Sure, but the ways of acquiring those outputs legally have vampiric licensing that bind you to those ToS, since the re-licenser is bound by the original ToS.
It's like distributing GPL code in a nonfree application. Even if you didn't "consent to [the original author's] ToS," you are still going to be bound to it via the redistributors license.
There’s no license. OpenAI is not an author of their models’ outputs, and they know it.
OpenAI can’t just start suing random people on the street without any legal basis. That’s how lawyers become not-lawyers.
There’s only a (somewhat dubiously enforceable) ToS contract between OpenAI and the user of OpenAI’s website. This is probably bullshit too - what legitimate interest does OpenAI have in a model output that doesn’t even belong to them, but it’s less obviously bullshit.

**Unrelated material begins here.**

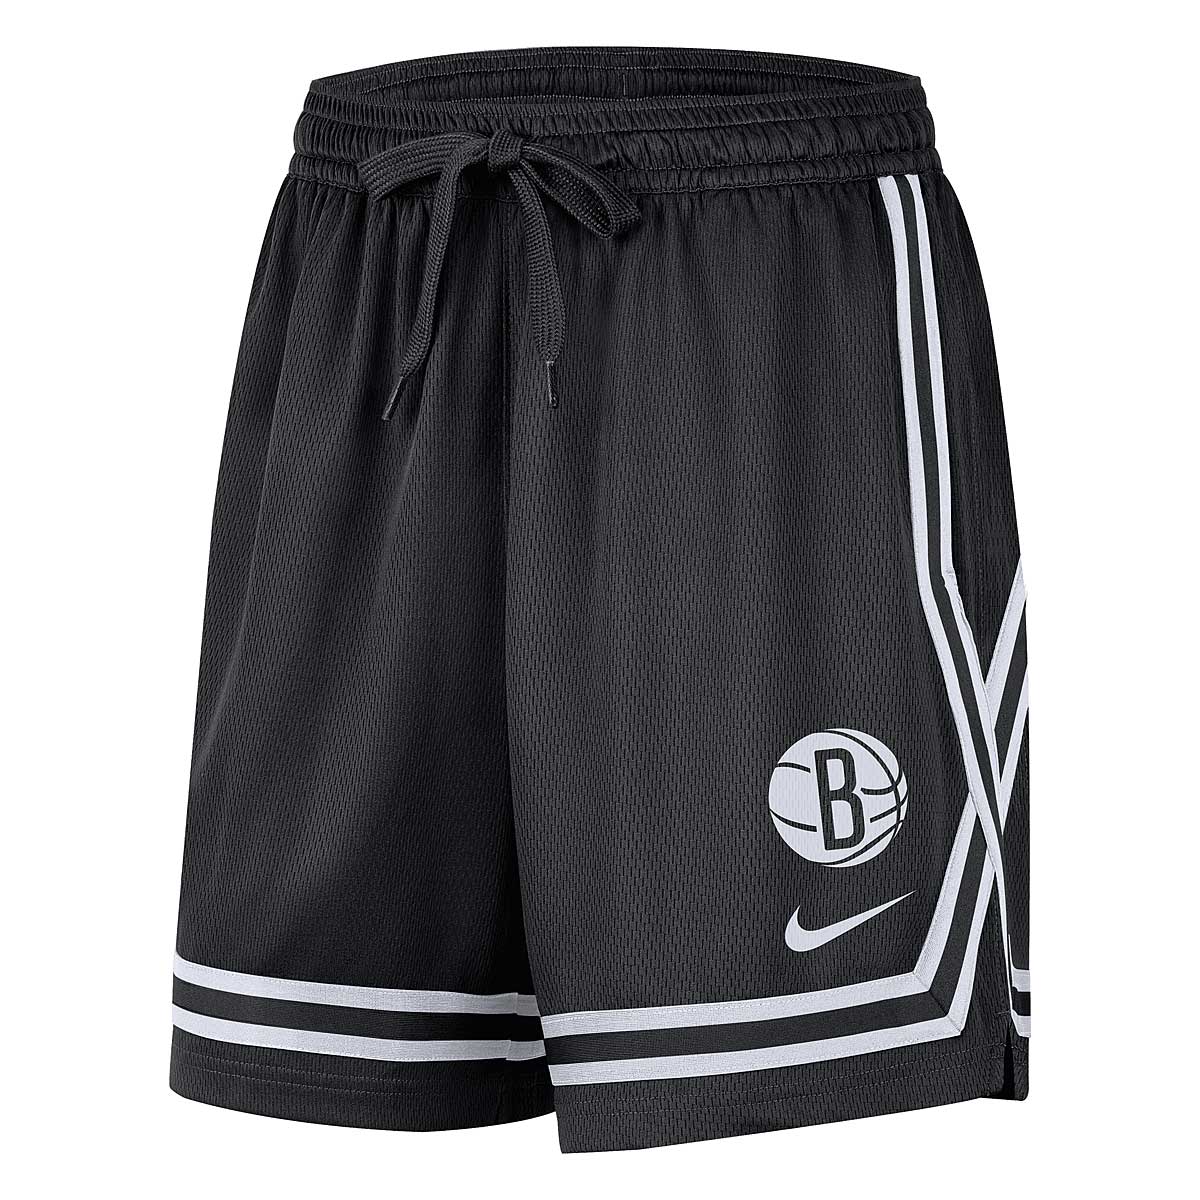 Nike Nba Brooklyn Nets Dri-Fit Short Xvr Cts W, Black/White/Black

> Even if you didn't "consent to [the original author's] ToS," you are still going to be bound to it via the redistributors license.
In the context of the GPL, are there real examples of judgements which bind defendants to a license they never saw or knew anything about, because of the errant actions of an intermediary?
It gives OpenAI a legal basis to launch a law suit if they want to.
Would it succeed? Is it right? Do they care? Eh.
…but, if I as some random reddit user say I might sue you for making a LLM you for training on data that may or may not have my posts in it, you can probably safely ignore me.
If you go and build a massive LLM using high quality data that couldn’t possibly come from anywhere other than openai, and they have a log of all the content that api key XXX generated; they both know and have a legal basis for litigation.
There’s a difference, even if you’re a third party (not the owner of the api key) or don’t care.
(And I’m not saying they would, or even they would win; but it’s sufficient cause for them to be able to make a case if they want to)
Just being able to make a case doesn't mean they will consider the legal fees and resulting judgment to be valuable enough to their business, nor that the suit will even make it into the courts resulting in a final judgment.
A lot of behavior that rides this line is rationalized via a careful cost-benefit analysis.
Sure, I'm just saying that in that cost-benefit analysis the 'risk of case failing and getting nothing from it' is significantly lower; it's your call as a consumer to do your due diligence and decide:
"I don't think they'll be bothered chasing after me"
vs.
"If it came to it I think the court will rule that they don't have a case after we play the pay-the-lawyers-all-the-money game"
vs.
"how screwed am I if they do, I lose and I have clearly, blatantly and provably violated their terms of service"
^
...because, and this is the point I'm making. There is no question; it is very very obvious if you do this, and it's not very difficult for them to prove it.
All they need is to slap you with a discovery order, look at your training data, and compare it to their output logs.
It's like distributing GPL code in a nonfree application. Even if you didn't "consent to [the original author's] ToS," you are still going to be bound to it via the redistributors license.